Governance as Code shifts these responsibilities into version-controlled repositories where policies are defined declaratively. This transformation allows engineers to apply the same rigor to data compliance that they apply to application code, including peer reviews, automated testing, and idempotent deployments.
The goal of governance as code is not just to automate rules, but to create a transparent and reproducible history of every decision made regarding the data lifecycle.
Eliminating Configuration Drift
Configuration drift occurs when the state of your data environment deviates from the intended policy because of manual interventions in a web console or ad-hoc scripts. By defining governance in code, the automated deployment pipeline acts as a self-healing mechanism that overwrites any unauthorized manual changes.
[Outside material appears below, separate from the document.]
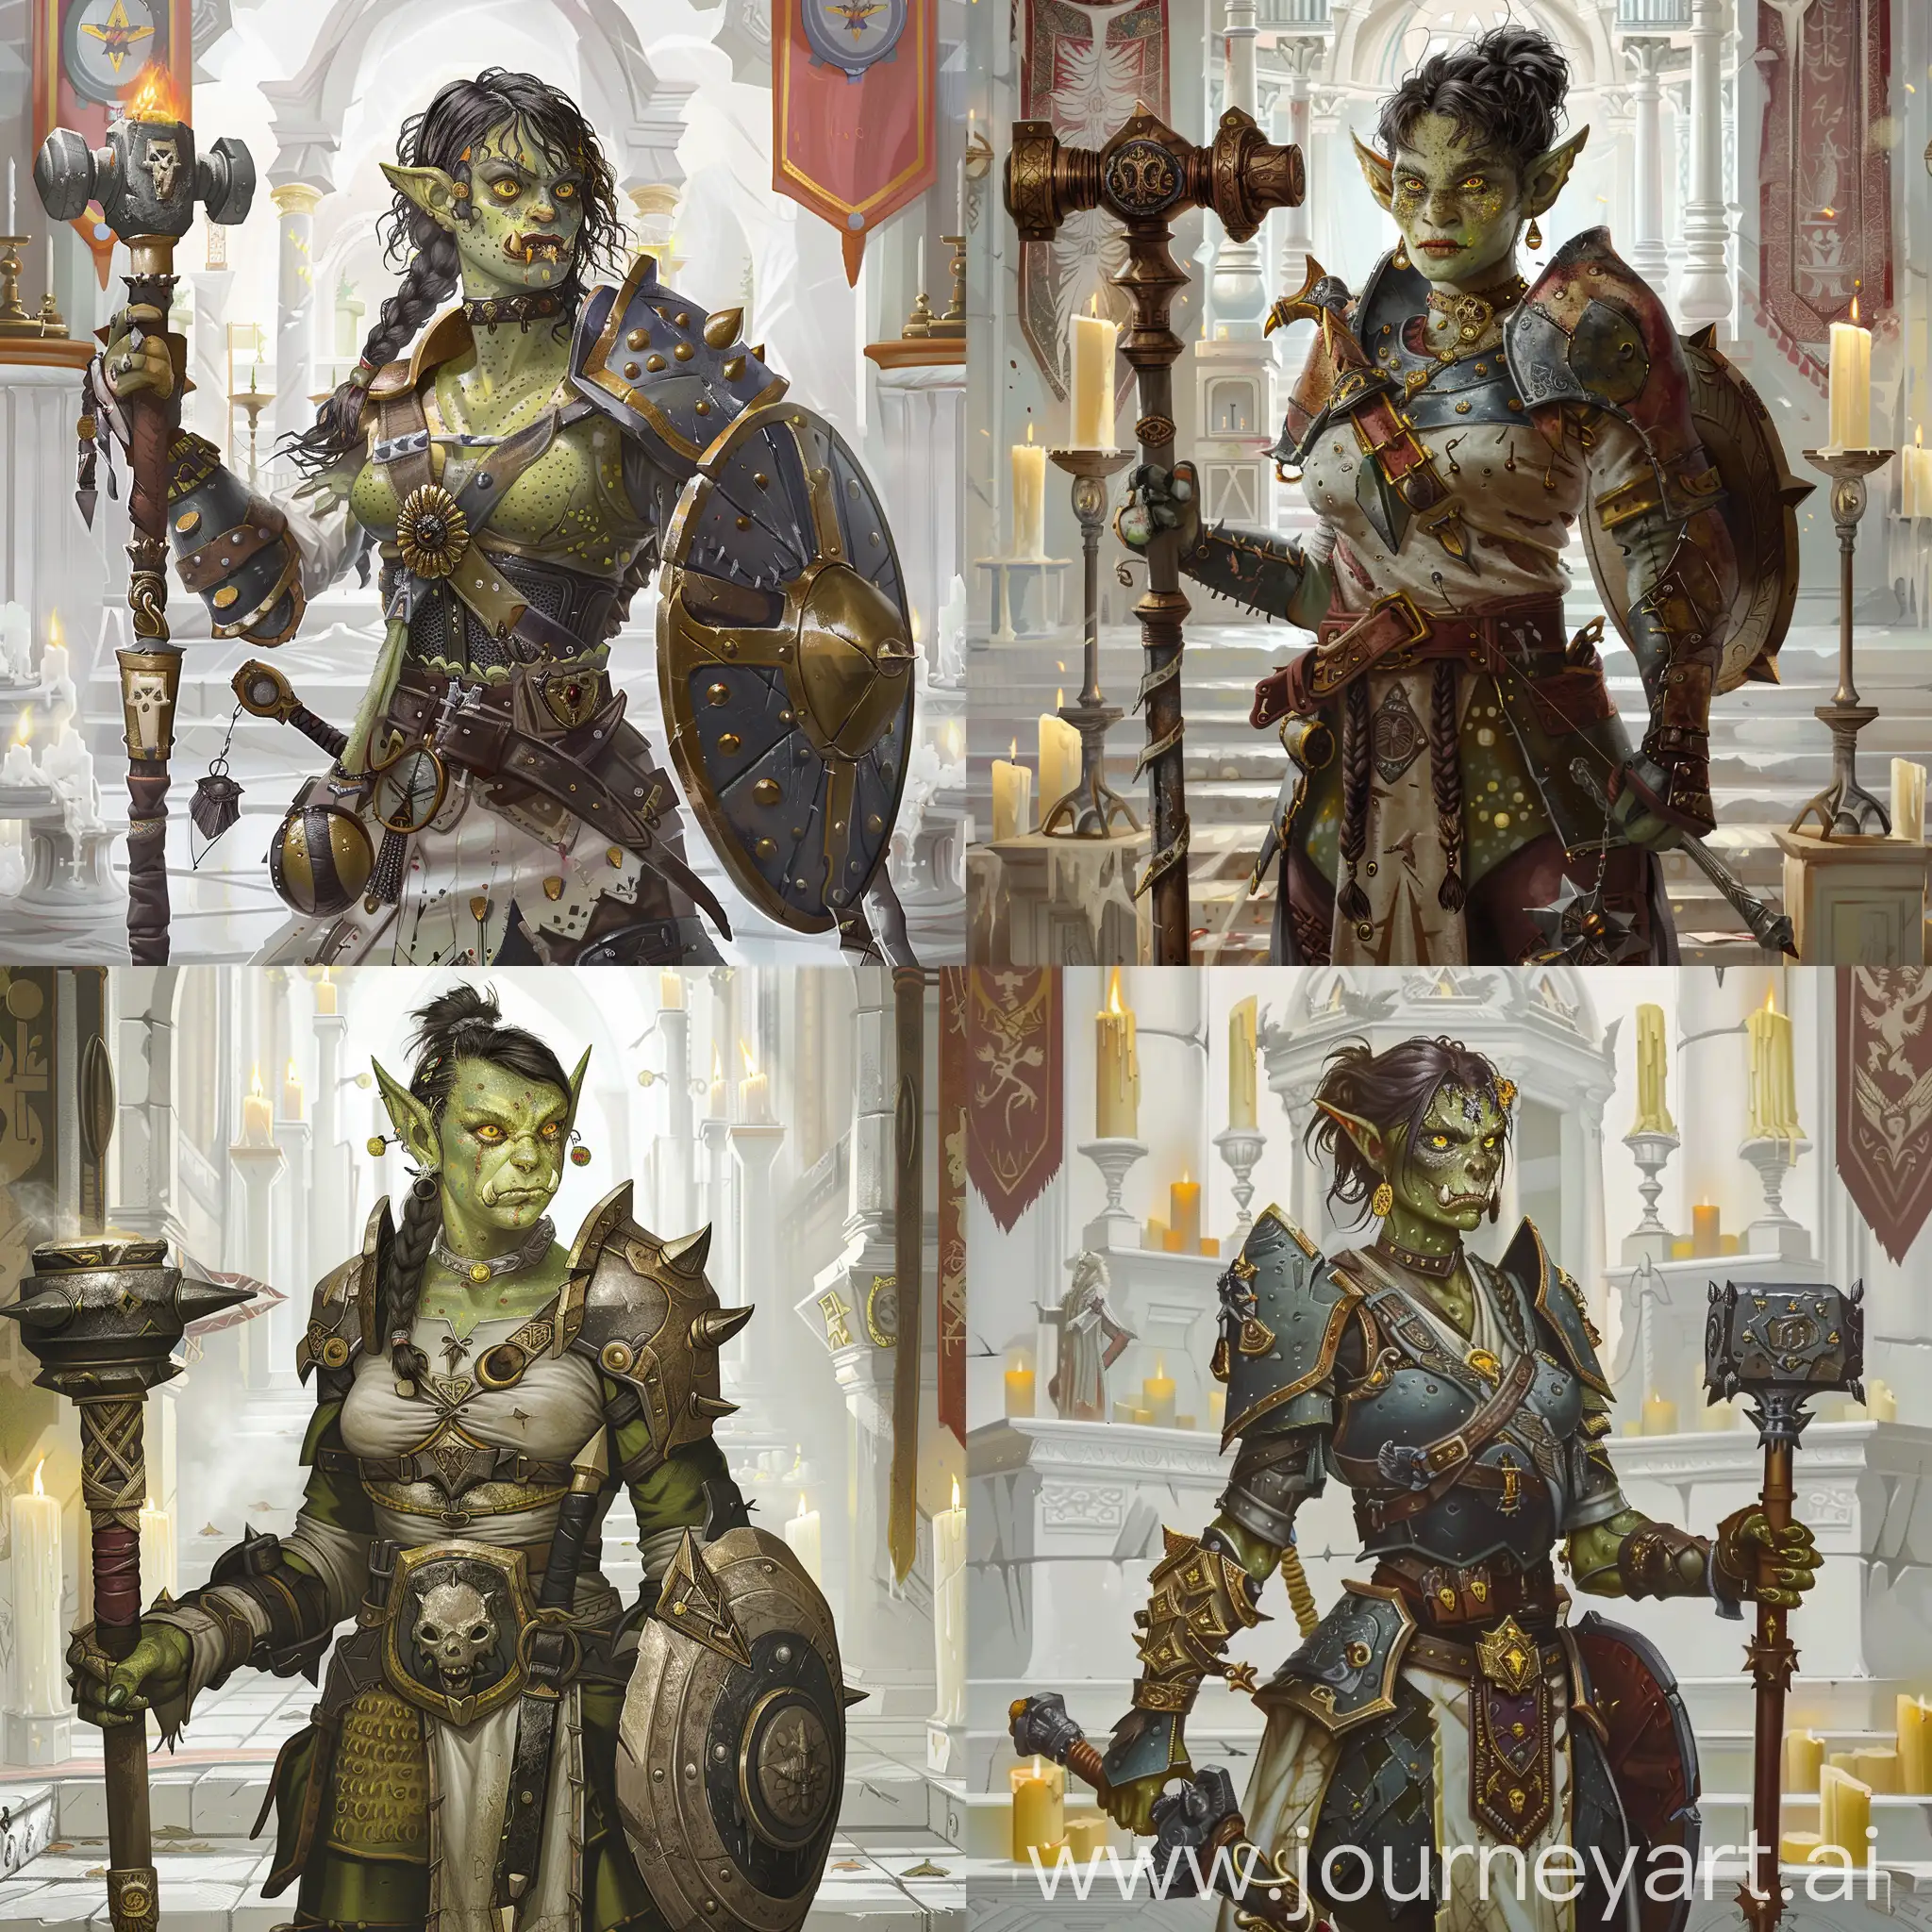 Female-Orc-Priest-in-Medieval-Warrior-Attire-with-Mace-and-Shield

This approach provides a single source of truth for the entire organization. When a developer needs to understand who has access to a specific dataset or how long a table is retained, they can simply check the code repository instead of hunting for documentation in a wiki.
Bridging the Gap Between Legal and Engineering
Data engineering teams are often tasked with implementing abstract legal requirements like the right to be forgotten without clear technical specifications. Coding these rules into a version-controlled system allows engineers to translate vague policy language into precise, executable logic that can be verified by compliance teams.
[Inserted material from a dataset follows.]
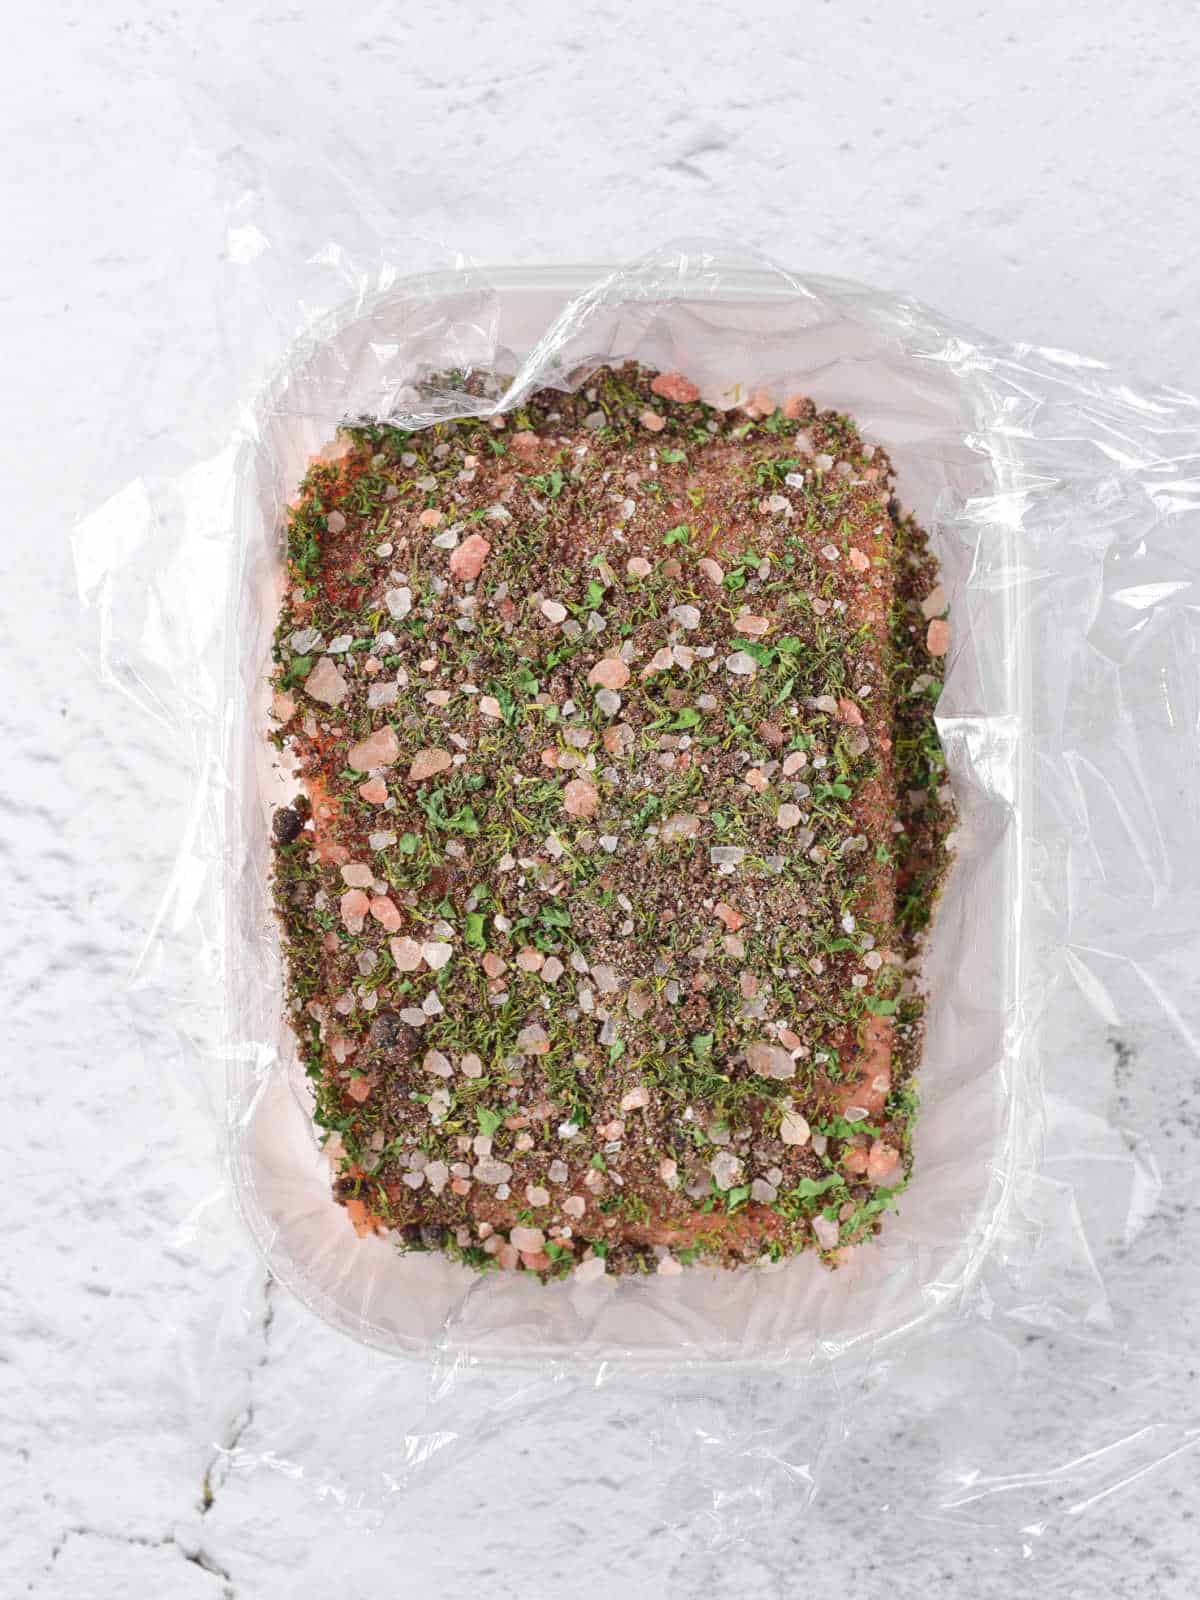 Plastic lined container with salmon covered in salt and herbs. White marble surface.

Using a declarative approach allows non-engineering stakeholders to review high-level configuration files while engineers handle the underlying implementation details. This collaborative environment ensures that the technical execution perfectly aligns with the legal intent of the data policy.
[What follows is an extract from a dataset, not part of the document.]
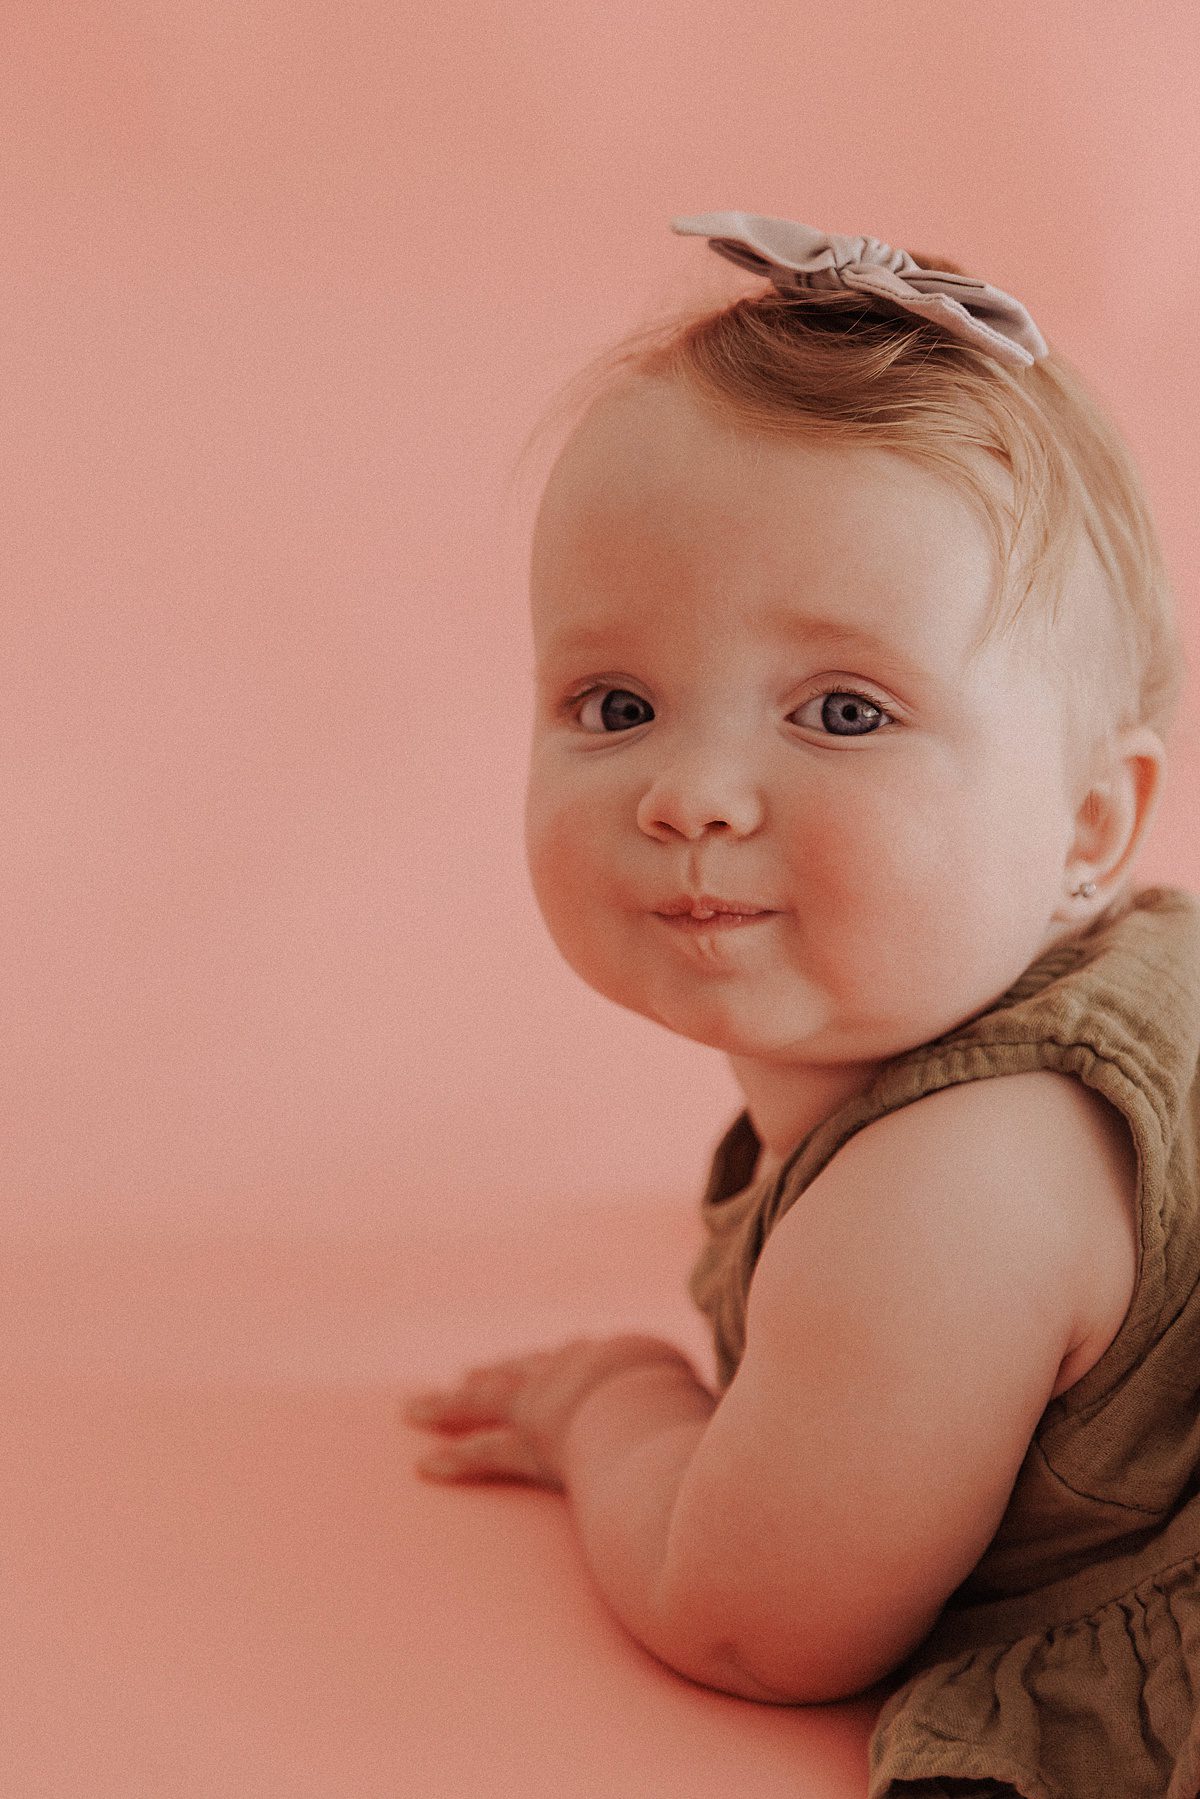 Baby on a pink background

Defining Granular Access via Infrastructure as Code
Managing access controls through a user interface is feasible for a small team, but it becomes an operational nightmare as the number of users and datasets grows. Modern data warehouses and lakehouses are better managed using tools like Terraform or Pulumi to define identity and access management hierarchies.
A common pitfall is granting broad permissions to service accounts or individual users to avoid the complexity of fine-grained roles. Governance as code facilitates the principle of least privilege by making it trivial to create and assign specific, narrow roles that only provide the minimum necessary access.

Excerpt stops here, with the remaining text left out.